You can access the application form at “http://uitsec-international.com/tr/hakkimizda/kisisel-veri-sahibi-basvuru-formu” or you can request it during your visit to our UITSEC International office.
In order for the applications made with the UITSEC International's KVKK Related Person Application Form to be accepted, the Personal Data Owner must pay attention to the following issues;
In the application, which includes the notification you have as the personal data owner and your explanations regarding the right you request to use in order to exercise your above-mentioned rights; you need to be clear and understandable about the subject you request, the subject you request must be related to you or if you are acting on behalf of someone else, you need to be specifically authorized in this regard and you need to certify your authority. In order to follow up your legal right for thirty days without any problems, your applications sent by courier must be notarized and sent by registered mail with return receipt. If you apply through a notary public, your thirty-day legal right will start following the notification of your application to our institution. Applications within this scope will be accepted following the identity verification to be made by us and the relevant persons will be answered in writing or electronically within the legal periods. Relevant persons will be replied in writing or electronically within legal time limits.
You can do your rights mentioned in the above articles by filling out the "Personal Data Owner Application Form" with the following methods:
Method Address Detail
Application made by hand to address Esentepe Mahallesi Büyükdere Cad.

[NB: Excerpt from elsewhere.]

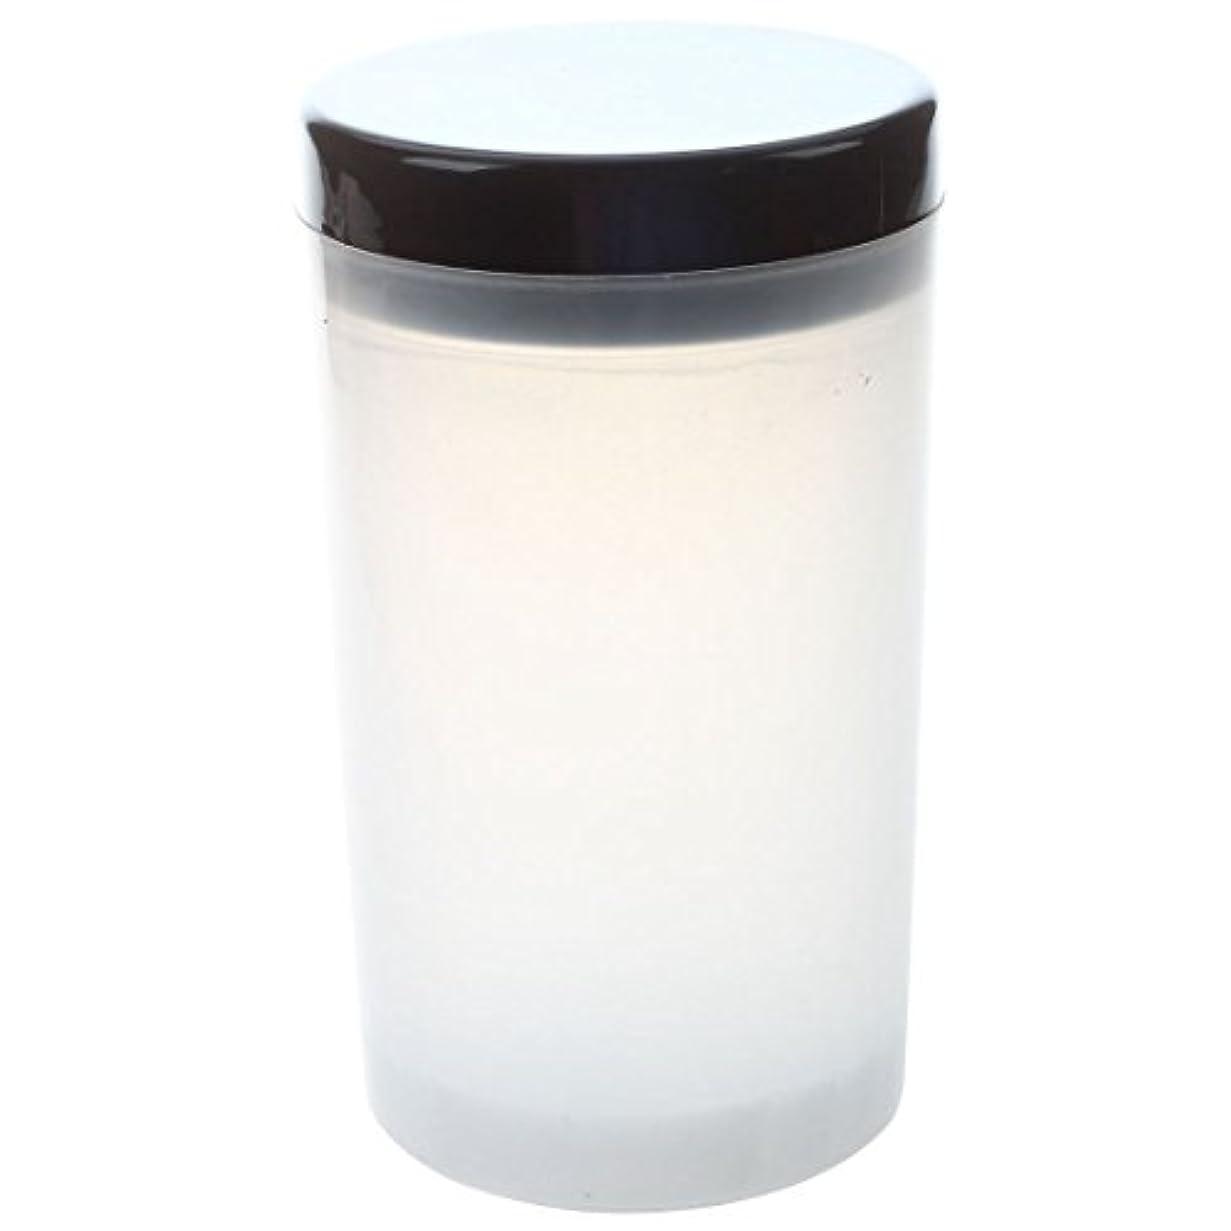 化学者破壊的計器ACAMPTAR ネイルアートチップブラシホルダー リムーバーカップカップ浸漬ブラシ クリーナーボトル

Levent 199 No:199/6 Şişli It is the application to be made by the relevant person to the above-mentioned address of the Data Controller, who will fill in the "Personal Data Owner Application Form" and request the processing of your Personal Data. You must present your identity card at the time of application.
Application via notary public Esentepe Mahallesi Büyükdere Cad. Levent 199 No:199/6 Şişli It is the application made by the relevant person by sending the "Personal Data Owner Application Form" approved by the notary public to the address specified with return/receipt or by sending to the address specified by the notary public. Applications within this scope will be accepted following the identity verification to be made by us and the relevant persons will be answered in writing or electronically within the legal periods.
Application with KEP (Registered Electronic Mail) [email protected] It is the application to be made by the relevant person by filling out and signing the "Personal Data Owner Application Form" and sending it to the Kep address of the Data Controller you want to apply for.